BEGIN

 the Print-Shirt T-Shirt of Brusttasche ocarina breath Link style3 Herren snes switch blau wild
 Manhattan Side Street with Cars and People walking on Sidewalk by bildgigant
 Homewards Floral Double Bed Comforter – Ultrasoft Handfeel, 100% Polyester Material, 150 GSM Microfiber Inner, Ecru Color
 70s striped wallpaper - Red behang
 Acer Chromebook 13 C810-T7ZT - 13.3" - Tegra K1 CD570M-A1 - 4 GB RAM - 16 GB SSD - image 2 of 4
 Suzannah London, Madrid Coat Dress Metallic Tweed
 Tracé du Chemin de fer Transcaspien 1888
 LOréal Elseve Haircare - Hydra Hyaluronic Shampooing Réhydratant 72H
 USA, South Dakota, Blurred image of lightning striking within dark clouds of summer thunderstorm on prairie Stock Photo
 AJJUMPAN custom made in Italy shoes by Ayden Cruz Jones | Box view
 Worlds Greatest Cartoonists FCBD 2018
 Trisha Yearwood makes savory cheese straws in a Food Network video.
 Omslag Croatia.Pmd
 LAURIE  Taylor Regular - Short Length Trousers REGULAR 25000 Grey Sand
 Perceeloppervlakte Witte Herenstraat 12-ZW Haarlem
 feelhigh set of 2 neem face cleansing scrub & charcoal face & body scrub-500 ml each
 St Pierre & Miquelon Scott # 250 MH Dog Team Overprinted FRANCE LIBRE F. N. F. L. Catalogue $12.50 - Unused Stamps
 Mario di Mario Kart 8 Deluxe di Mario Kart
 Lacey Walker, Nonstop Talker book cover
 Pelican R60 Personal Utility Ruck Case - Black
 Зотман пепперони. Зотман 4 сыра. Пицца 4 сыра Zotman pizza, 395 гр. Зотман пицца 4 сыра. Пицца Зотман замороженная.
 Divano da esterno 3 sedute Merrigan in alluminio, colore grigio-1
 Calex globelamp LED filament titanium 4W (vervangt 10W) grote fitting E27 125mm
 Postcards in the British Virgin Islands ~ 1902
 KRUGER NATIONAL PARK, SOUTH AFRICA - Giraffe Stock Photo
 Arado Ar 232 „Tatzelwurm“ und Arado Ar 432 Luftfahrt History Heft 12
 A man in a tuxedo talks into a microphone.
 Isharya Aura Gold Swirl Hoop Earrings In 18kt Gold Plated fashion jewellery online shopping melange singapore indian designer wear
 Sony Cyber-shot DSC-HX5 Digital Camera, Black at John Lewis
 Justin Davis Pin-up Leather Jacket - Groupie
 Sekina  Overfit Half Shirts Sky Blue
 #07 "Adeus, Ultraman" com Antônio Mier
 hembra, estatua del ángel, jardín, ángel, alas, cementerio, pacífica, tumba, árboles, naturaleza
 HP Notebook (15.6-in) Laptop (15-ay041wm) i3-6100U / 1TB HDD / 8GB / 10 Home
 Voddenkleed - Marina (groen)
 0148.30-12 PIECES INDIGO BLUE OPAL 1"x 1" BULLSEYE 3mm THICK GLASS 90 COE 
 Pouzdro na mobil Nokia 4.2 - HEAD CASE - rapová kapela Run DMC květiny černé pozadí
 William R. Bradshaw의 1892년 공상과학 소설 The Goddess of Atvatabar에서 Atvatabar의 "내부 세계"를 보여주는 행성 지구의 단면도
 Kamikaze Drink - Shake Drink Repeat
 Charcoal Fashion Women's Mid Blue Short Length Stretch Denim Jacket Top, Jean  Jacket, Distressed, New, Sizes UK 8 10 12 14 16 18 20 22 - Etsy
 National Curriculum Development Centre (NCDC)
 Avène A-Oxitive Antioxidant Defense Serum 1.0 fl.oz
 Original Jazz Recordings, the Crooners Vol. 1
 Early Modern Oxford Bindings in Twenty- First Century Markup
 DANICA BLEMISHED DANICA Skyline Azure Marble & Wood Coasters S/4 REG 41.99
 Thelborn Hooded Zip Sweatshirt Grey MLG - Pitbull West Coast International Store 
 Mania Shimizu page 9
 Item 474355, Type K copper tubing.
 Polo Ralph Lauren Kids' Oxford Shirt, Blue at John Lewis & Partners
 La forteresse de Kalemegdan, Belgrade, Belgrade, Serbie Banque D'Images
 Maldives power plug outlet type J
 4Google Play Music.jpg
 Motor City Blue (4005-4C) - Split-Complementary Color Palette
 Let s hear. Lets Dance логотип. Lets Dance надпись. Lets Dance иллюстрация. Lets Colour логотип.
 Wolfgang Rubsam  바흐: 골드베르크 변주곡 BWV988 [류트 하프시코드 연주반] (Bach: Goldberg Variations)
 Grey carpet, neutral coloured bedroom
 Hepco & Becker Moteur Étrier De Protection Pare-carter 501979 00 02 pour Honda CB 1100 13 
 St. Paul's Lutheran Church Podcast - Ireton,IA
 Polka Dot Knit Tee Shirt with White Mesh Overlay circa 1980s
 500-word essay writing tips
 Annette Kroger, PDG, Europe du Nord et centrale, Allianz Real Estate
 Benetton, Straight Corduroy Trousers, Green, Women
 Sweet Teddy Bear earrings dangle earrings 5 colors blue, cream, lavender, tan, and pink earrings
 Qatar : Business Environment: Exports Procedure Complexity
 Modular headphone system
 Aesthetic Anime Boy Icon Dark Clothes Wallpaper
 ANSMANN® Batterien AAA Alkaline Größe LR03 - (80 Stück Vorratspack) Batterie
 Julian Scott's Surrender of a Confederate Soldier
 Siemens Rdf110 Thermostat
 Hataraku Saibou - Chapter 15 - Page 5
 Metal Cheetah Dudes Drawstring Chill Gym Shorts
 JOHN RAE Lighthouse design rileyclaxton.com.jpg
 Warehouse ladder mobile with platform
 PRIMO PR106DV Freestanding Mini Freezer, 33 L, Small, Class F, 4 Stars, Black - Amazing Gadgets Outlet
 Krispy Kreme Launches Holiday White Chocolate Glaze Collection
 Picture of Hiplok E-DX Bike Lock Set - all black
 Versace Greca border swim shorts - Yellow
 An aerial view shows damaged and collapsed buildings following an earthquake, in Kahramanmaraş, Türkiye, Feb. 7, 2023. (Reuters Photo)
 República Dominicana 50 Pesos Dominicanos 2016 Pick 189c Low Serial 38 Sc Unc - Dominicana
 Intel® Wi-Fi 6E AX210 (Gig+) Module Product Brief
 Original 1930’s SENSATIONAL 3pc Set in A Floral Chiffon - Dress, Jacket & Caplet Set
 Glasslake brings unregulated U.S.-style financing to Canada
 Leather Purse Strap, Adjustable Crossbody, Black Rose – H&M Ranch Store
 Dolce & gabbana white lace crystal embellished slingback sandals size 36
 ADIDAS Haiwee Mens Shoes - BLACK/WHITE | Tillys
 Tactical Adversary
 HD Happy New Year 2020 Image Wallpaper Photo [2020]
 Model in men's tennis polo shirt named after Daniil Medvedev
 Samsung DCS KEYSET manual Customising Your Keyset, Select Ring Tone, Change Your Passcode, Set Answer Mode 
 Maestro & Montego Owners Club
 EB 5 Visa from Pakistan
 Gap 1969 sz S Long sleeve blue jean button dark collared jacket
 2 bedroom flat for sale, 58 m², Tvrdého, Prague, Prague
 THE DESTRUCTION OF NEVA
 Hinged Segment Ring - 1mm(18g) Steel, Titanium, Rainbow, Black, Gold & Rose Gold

END

(Exercise objective) An exact copy of every record above is what's needed here.

(Result for this task)
 the Print-Shirt T-Shirt of Brusttasche ocarina breath Link style3 Herren snes switch blau wild
 Manhattan Side Street with Cars and People walking on Sidewalk by bildgigant
 Homewards Floral Double Bed Comforter – Ultrasoft Handfeel, 100% Polyester Material, 150 GSM Microfiber Inner, Ecru Color
 70s striped wallpaper - Red behang
 Acer Chromebook 13 C810-T7ZT - 13.3" - Tegra K1 CD570M-A1 - 4 GB RAM - 16 GB SSD - image 2 of 4
 Suzannah London, Madrid Coat Dress Metallic Tweed
 Tracé du Chemin de fer Transcaspien 1888
 LOréal Elseve Haircare - Hydra Hyaluronic Shampooing Réhydratant 72H
 USA, South Dakota, Blurred image of lightning striking within dark clouds of summer thunderstorm on prairie Stock Photo
 AJJUMPAN custom made in Italy shoes by Ayden Cruz Jones | Box view
 Worlds Greatest Cartoonists FCBD 2018
 Trisha Yearwood makes savory cheese straws in a Food Network video.
 Omslag Croatia.Pmd
 LAURIE  Taylor Regular - Short Length Trousers REGULAR 25000 Grey Sand
 Perceeloppervlakte Witte Herenstraat 12-ZW Haarlem
 feelhigh set of 2 neem face cleansing scrub & charcoal face & body scrub-500 ml each
 St Pierre & Miquelon Scott # 250 MH Dog Team Overprinted FRANCE LIBRE F. N. F. L. Catalogue $12.50 - Unused Stamps
 Mario di Mario Kart 8 Deluxe di Mario Kart
 Lacey Walker, Nonstop Talker book cover
 Pelican R60 Personal Utility Ruck Case - Black
 Зотман пепперони. Зотман 4 сыра. Пицца 4 сыра Zotman pizza, 395 гр. Зотман пицца 4 сыра. Пицца Зотман замороженная.
 Divano da esterno 3 sedute Merrigan in alluminio, colore grigio-1
 Calex globelamp LED filament titanium 4W (vervangt 10W) grote fitting E27 125mm
 Postcards in the British Virgin Islands ~ 1902
 KRUGER NATIONAL PARK, SOUTH AFRICA - Giraffe Stock Photo
 Arado Ar 232 „Tatzelwurm“ und Arado Ar 432 Luftfahrt History Heft 12
 A man in a tuxedo talks into a microphone.
 Isharya Aura Gold Swirl Hoop Earrings In 18kt Gold Plated fashion jewellery online shopping melange singapore indian designer wear
 Sony Cyber-shot DSC-HX5 Digital Camera, Black at John Lewis
 Justin Davis Pin-up Leather Jacket - Groupie
 Sekina  Overfit Half Shirts Sky Blue
 #07 "Adeus, Ultraman" com Antônio Mier
 hembra, estatua del ángel, jardín, ángel, alas, cementerio, pacífica, tumba, árboles, naturaleza
 HP Notebook (15.6-in) Laptop (15-ay041wm) i3-6100U / 1TB HDD / 8GB / 10 Home
 Voddenkleed - Marina (groen)
 0148.30-12 PIECES INDIGO BLUE OPAL 1"x 1" BULLSEYE 3mm THICK GLASS 90 COE 
 Pouzdro na mobil Nokia 4.2 - HEAD CASE - rapová kapela Run DMC květiny černé pozadí
 William R. Bradshaw의 1892년 공상과학 소설 The Goddess of Atvatabar에서 Atvatabar의 "내부 세계"를 보여주는 행성 지구의 단면도
 Kamikaze Drink - Shake Drink Repeat
 Charcoal Fashion Women's Mid Blue Short Length Stretch Denim Jacket Top, Jean  Jacket, Distressed, New, Sizes UK 8 10 12 14 16 18 20 22 - Etsy
 National Curriculum Development Centre (NCDC)
 Avène A-Oxitive Antioxidant Defense Serum 1.0 fl.oz
 Original Jazz Recordings, the Crooners Vol. 1
 Early Modern Oxford Bindings in Twenty- First Century Markup
 DANICA BLEMISHED DANICA Skyline Azure Marble & Wood Coasters S/4 REG 41.99
 Thelborn Hooded Zip Sweatshirt Grey MLG - Pitbull West Coast International Store 
 Mania Shimizu page 9
 Item 474355, Type K copper tubing.
 Polo Ralph Lauren Kids' Oxford Shirt, Blue at John Lewis & Partners
 La forteresse de Kalemegdan, Belgrade, Belgrade, Serbie Banque D'Images
 Maldives power plug outlet type J
 4Google Play Music.jpg
 Motor City Blue (4005-4C) - Split-Complementary Color Palette
 Let s hear. Lets Dance логотип. Lets Dance надпись. Lets Dance иллюстрация. Lets Colour логотип.
 Wolfgang Rubsam  바흐: 골드베르크 변주곡 BWV988 [류트 하프시코드 연주반] (Bach: Goldberg Variations)
 Grey carpet, neutral coloured bedroom
 Hepco & Becker Moteur Étrier De Protection Pare-carter 501979 00 02 pour Honda CB 1100 13 
 St. Paul's Lutheran Church Podcast - Ireton,IA
 Polka Dot Knit Tee Shirt with White Mesh Overlay circa 1980s
 500-word essay writing tips
 Annette Kroger, PDG, Europe du Nord et centrale, Allianz Real Estate
 Benetton, Straight Corduroy Trousers, Green, Women
 Sweet Teddy Bear earrings dangle earrings 5 colors blue, cream, lavender, tan, and pink earrings
 Qatar : Business Environment: Exports Procedure Complexity
 Modular headphone system
 Aesthetic Anime Boy Icon Dark Clothes Wallpaper
 ANSMANN® Batterien AAA Alkaline Größe LR03 - (80 Stück Vorratspack) Batterie
 Julian Scott's Surrender of a Confederate Soldier
 Siemens Rdf110 Thermostat
 Hataraku Saibou - Chapter 15 - Page 5
 Metal Cheetah Dudes Drawstring Chill Gym Shorts
 JOHN RAE Lighthouse design rileyclaxton.com.jpg
 Warehouse ladder mobile with platform
 PRIMO PR106DV Freestanding Mini Freezer, 33 L, Small, Class F, 4 Stars, Black - Amazing Gadgets Outlet
 Krispy Kreme Launches Holiday White Chocolate Glaze Collection
 Picture of Hiplok E-DX Bike Lock Set - all black
 Versace Greca border swim shorts - Yellow
 An aerial view shows damaged and collapsed buildings following an earthquake, in Kahramanmaraş, Türkiye, Feb. 7, 2023. (Reuters Photo)
 República Dominicana 50 Pesos Dominicanos 2016 Pick 189c Low Serial 38 Sc Unc - Dominicana
 Intel® Wi-Fi 6E AX210 (Gig+) Module Product Brief
 Original 1930’s SENSATIONAL 3pc Set in A Floral Chiffon - Dress, Jacket & Caplet Set
 Glasslake brings unregulated U.S.-style financing to Canada
 Leather Purse Strap, Adjustable Crossbody, Black Rose – H&M Ranch Store
 Dolce & gabbana white lace crystal embellished slingback sandals size 36
 ADIDAS Haiwee Mens Shoes - BLACK/WHITE | Tillys
 Tactical Adversary
 HD Happy New Year 2020 Image Wallpaper Photo [2020]
 Model in men's tennis polo shirt named after Daniil Medvedev
 Samsung DCS KEYSET manual Customising Your Keyset, Select Ring Tone, Change Your Passcode, Set Answer Mode 
 Maestro & Montego Owners Club
 EB 5 Visa from Pakistan
 Gap 1969 sz S Long sleeve blue jean button dark collared jacket
 2 bedroom flat for sale, 58 m², Tvrdého, Prague, Prague
 THE DESTRUCTION OF NEVA
 Hinged Segment Ring - 1mm(18g) Steel, Titanium, Rainbow, Black, Gold & Rose Gold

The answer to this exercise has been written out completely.